L’effet cliquet définit par Wikipedia :
Il correspond au comportement des propriétaires fonciers (particuliers ou personnes morales) qui ne souhaitent pas mettre en vente leurs biens lors du climat du début de la phase de baisse. La diminution de la liquidité du marché foncier provoque ainsi une tension sur l'offre de foncier. Celle-ci est caractérisée par une chute notable des transactions mais aussi par une forte résistance des prix à la baisse. 
Cet attentisme est principalement expliqué par le fait que les vendeurs mettent en vente leurs biens à prix initial trop élevé, souvent basé sur une anticipation de la poursuite de la hausse du marché. Il est également relié à l'aversion psychologique des vendeurs à accepter des pertes et par conséquent il est souvent observé un refus des vendeurs de baisser le prix sur une période prolongée.

Quoi qu’il en soit, je ne vois pas l’intérêt de s’embêter avec de l’immobilier locatif qui propose des rendements de 5% brut soit 2-3% net (effet de levier négatif !).

Alors, est-ce le calme avant la tempête ?

mercredi 14 septembre 2011

L’immobilier est dangereux

L’immobilier est souvent synonyme de « sécurité » dans l’imaginaire collectif. Depuis le début de l’année et à plus forte raison j’estime que « dangereux » serait un meilleur qualificatif.

Arguments :
  1. Les prix au m² ont augmentés beaucoup plus rapidement que le pouvoir d’achat des ménages.
  2. Cette hausse des prix provient notamment de la baisse des taux d’intérêts… qui remonteront sûrement.
  3. Cette hausse des prix provient également des dispositifs fiscaux… qui risquent bien de disparaitre.
  4. Les banques limiteront certainement leurs prêts, notamment afin de respecter les ratios prudentiels.
  5. Elles sont d’ailleurs en train de resserrer les conditions d’octroi de crédit immobilier.
  6. Si la crise boursière se concrétise par une récession, si le plan de rigueur annoncé se concrétise, il y aura nécessairement plus de chômeurs et donc moins d’acquéreurs potentiels.
  7. De même, les ménages s’étant endettés sur de nombreuses années et dont la situation économique se trouverai détériorée seront poussés à mettre leur biens immobiliers en vente.

Donc diminution de la demande et accroissement de l’offre… l’équation ne présente rien de bon !

Maintenant il faut relativiser :

La demande de logement est encore particulièrement forte en France.

Si vous possédez plus des 2/3 d’un bien immobilier, la baisse des prix vous impactera beaucoup moins (en proportion) et vos loyers resteront surement stables (voir augmenteront).
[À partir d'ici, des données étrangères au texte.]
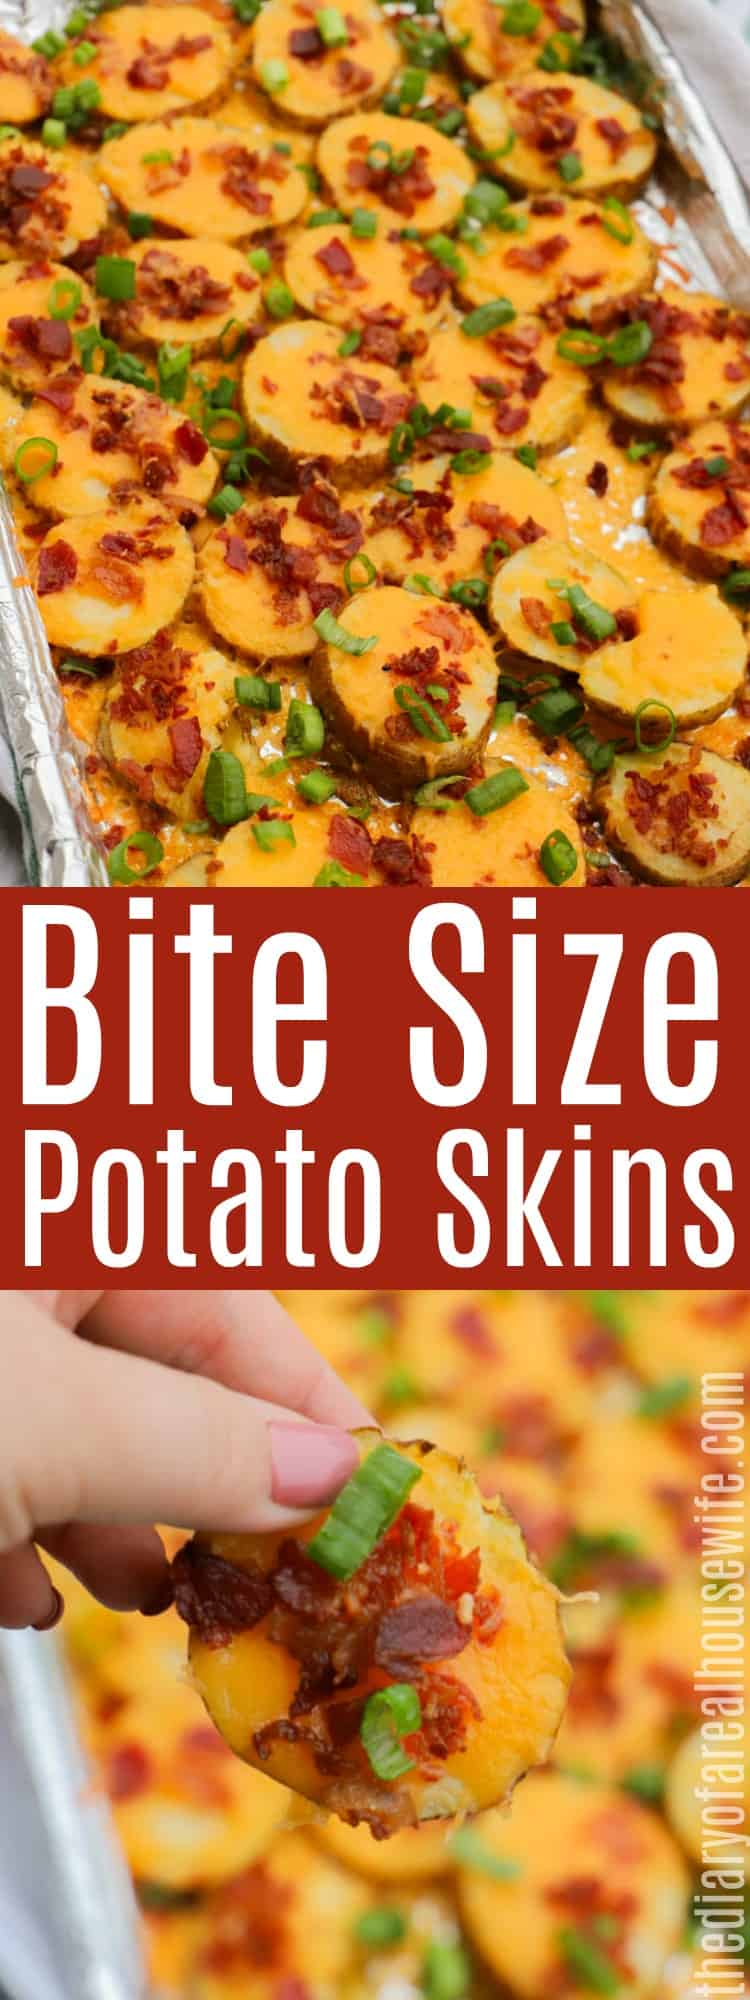 Bite Size Potato Skins

Par contre,  le grand danger est pour les primo-accédants qui ont voulu surfé sur la vague « Le Scellier » en empruntant 90%  du prix (ou même plus !).

En effet, dans ce dernier cas, une baisse de 10% des prix de l’immobilier correspond à une perte de 100% de l’apport personnel. De plus, sans les réductions d’impôts, le rendement peut facilement devenir négatif (il suffit que les intérêts payés soient supérieurs aux loyers reçus).

----------------

Pour ceux qui restent perplexes, voici un exemple un peu grossier, mais restant réaliste :

Prix du bien = 100.000€, apport personnel=10.000€, emprunt à 4% revenus locatifs=3%, réduction d’impôts=2,4%.

Si tout va bien, cela donne : (3+2,4)-4=1,4% sur 100.000 € = 1.400€ de revenus, soit 14% de rendement pour la première année (vis-à-vis des 10.000€ d’apport initial).

Par contre, si les prix de l’immobilier chutent de 10% seulement (ce qui est très raisonnable), la valeur du bien passe de 100.000€ à 90.000€, mais la somme originalement empruntée reste égale à 90.000€ (l’apport personnel était de 10.000€). Ce qui vous appartient réellement c’est 90.000€ d’immobilier moins 90.000€ de dettes = …suspens… zéro !

Cette perte de 100% du capital investit peut très largement s’aggraver. En effet si vous avez le malheur de perdre votre emploi, il est fort probable que vous ne payiez plus d’impôts et donc les réductions qui étaient initialement comptées comme des « gains » ne doivent plus apparaître dans le calcul du rendement. Ce qui donne désormais 3% de loyers – 4% d’intérêts = -1% soit -1.000€ par an. Oui, en plus d’avoir perdu 100% de la mise de départ vous risquez de devoir payer dans le vent 1.000€ par an.